### [Material provided]
##########

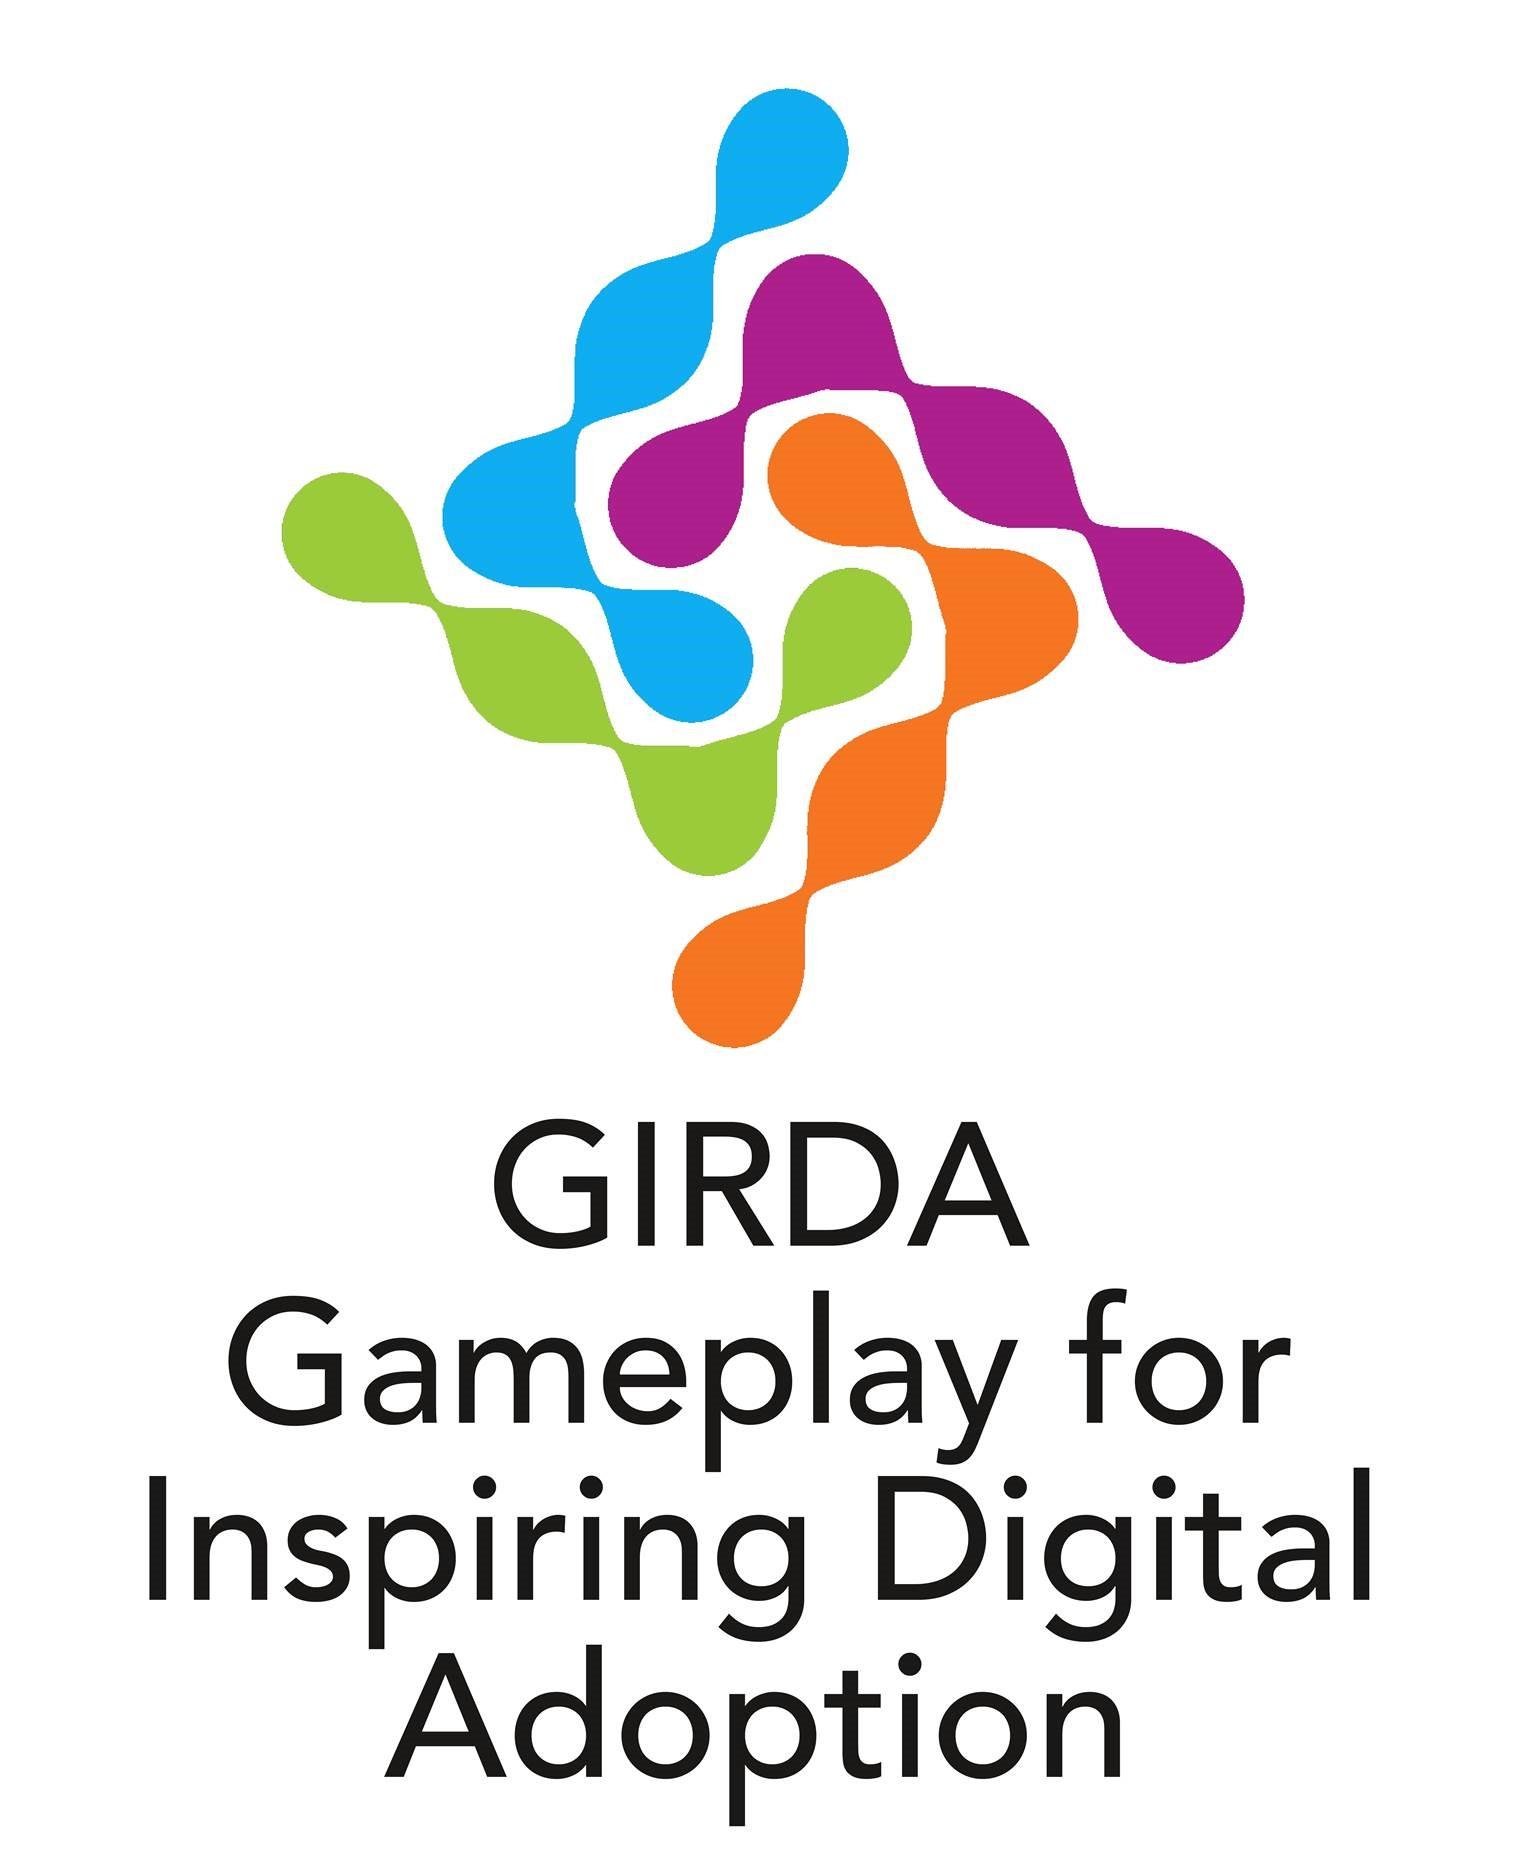 GIRDA logo
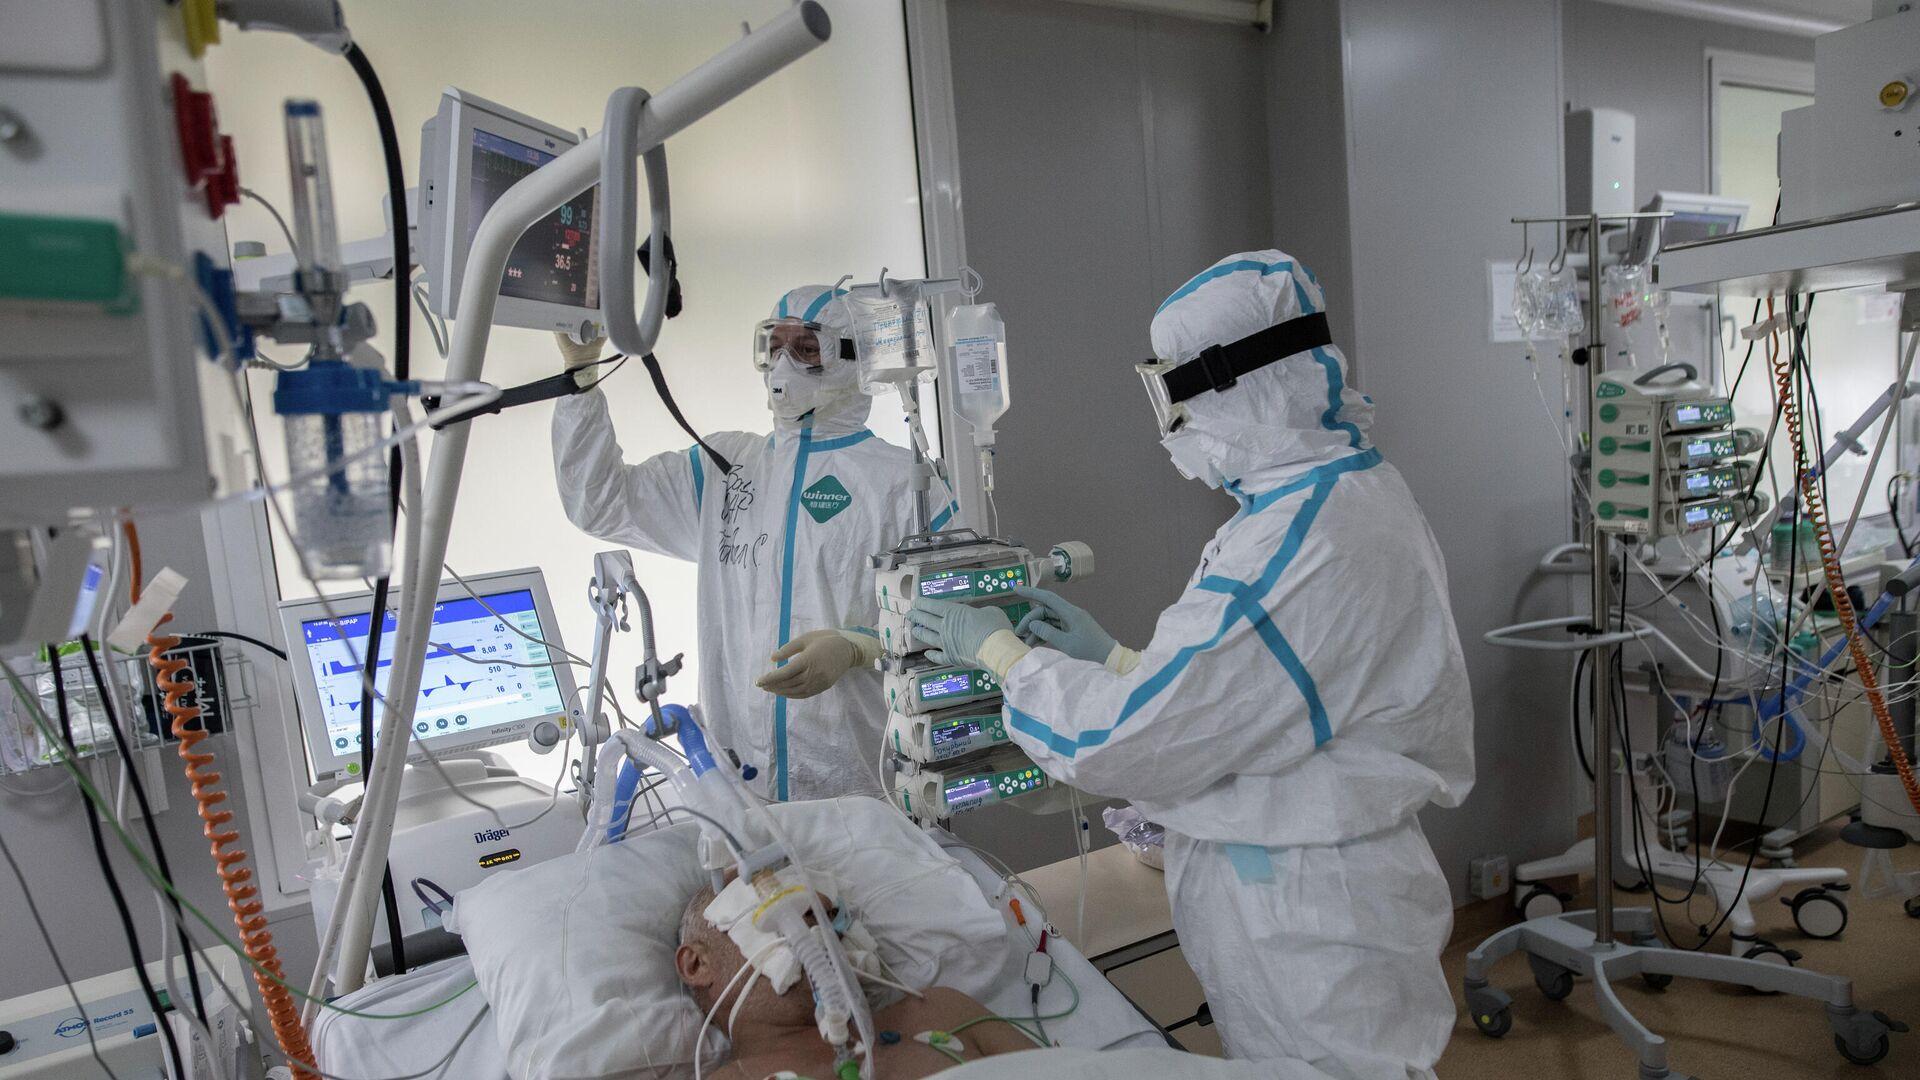 Paziente in terapia intensiva - Sputnik Italia, 1920, 30.09.2021
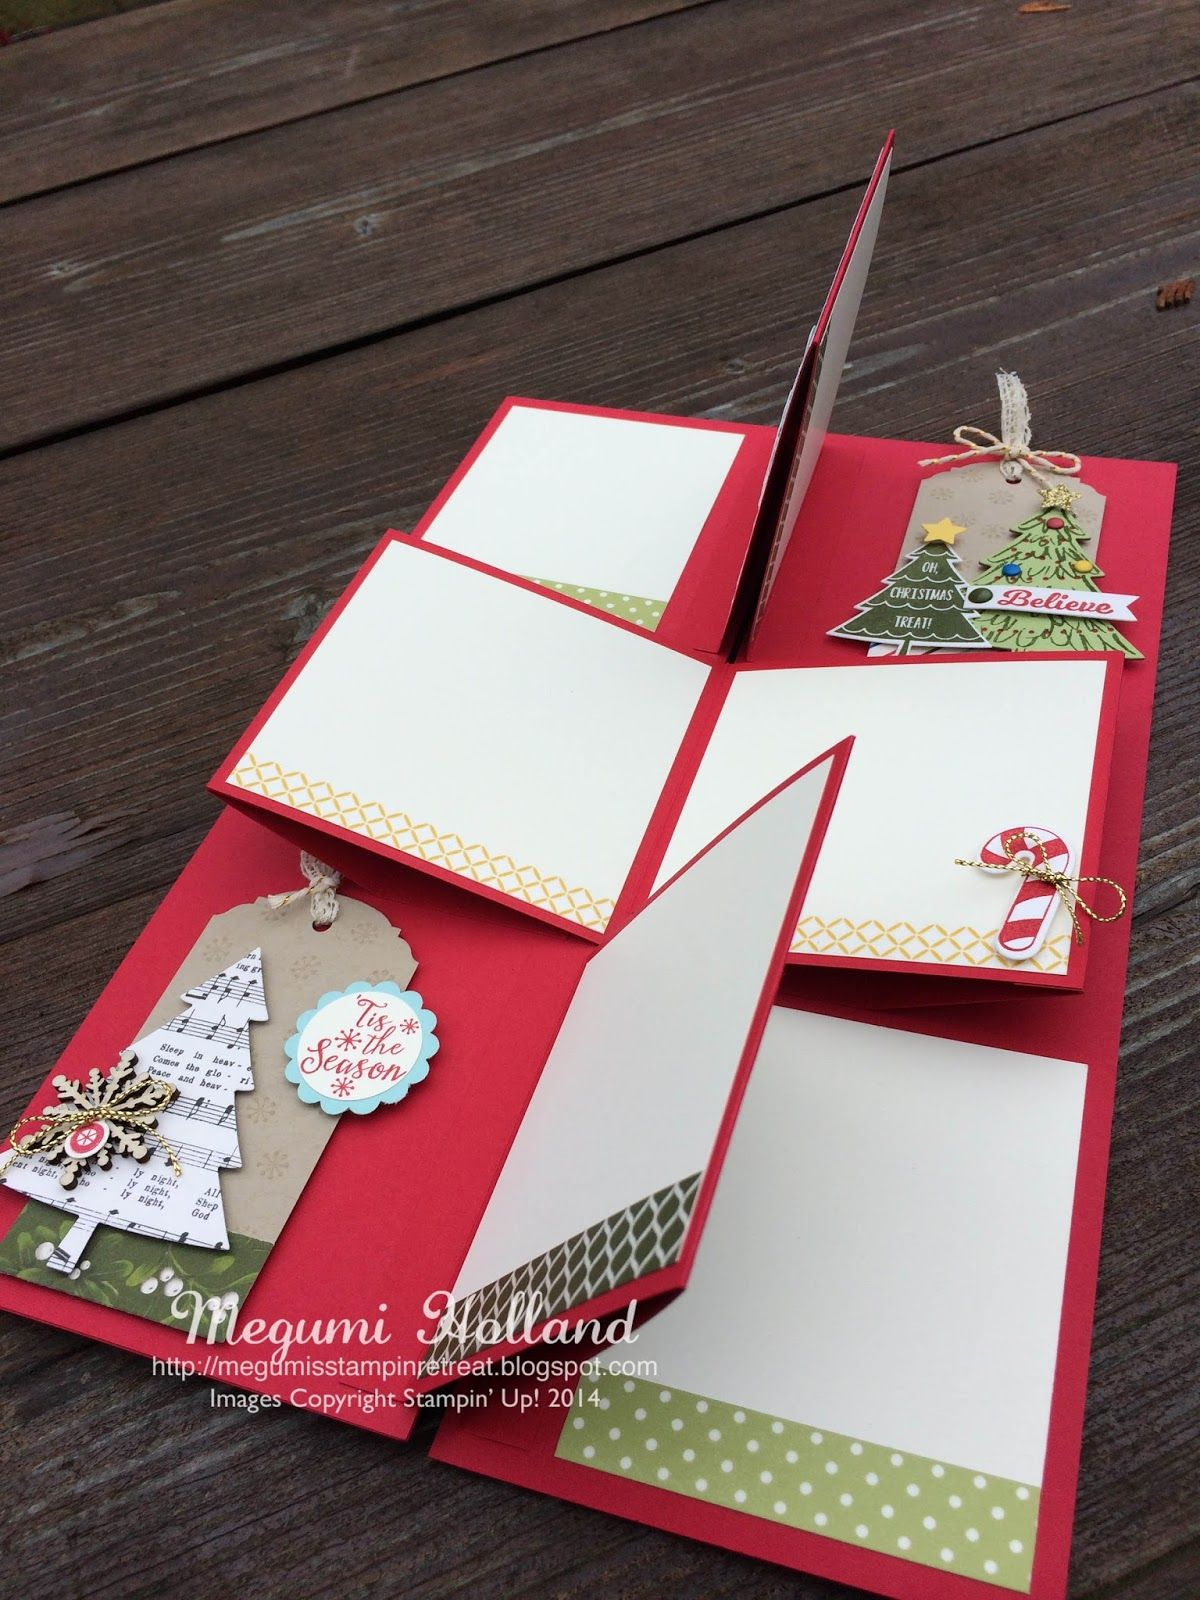 Megumi's Stampin Retreat: Christmas Shutter Scrapbook

##########

### [Exercise instructions]
Word for word, quote the lines above. Omit the pictures.

### [Result for this exercise]
 GIRDA logo
 Paziente in terapia intensiva - Sputnik Italia, 1920, 30.09.2021
 Megumi's Stampin Retreat: Christmas Shutter Scrapbook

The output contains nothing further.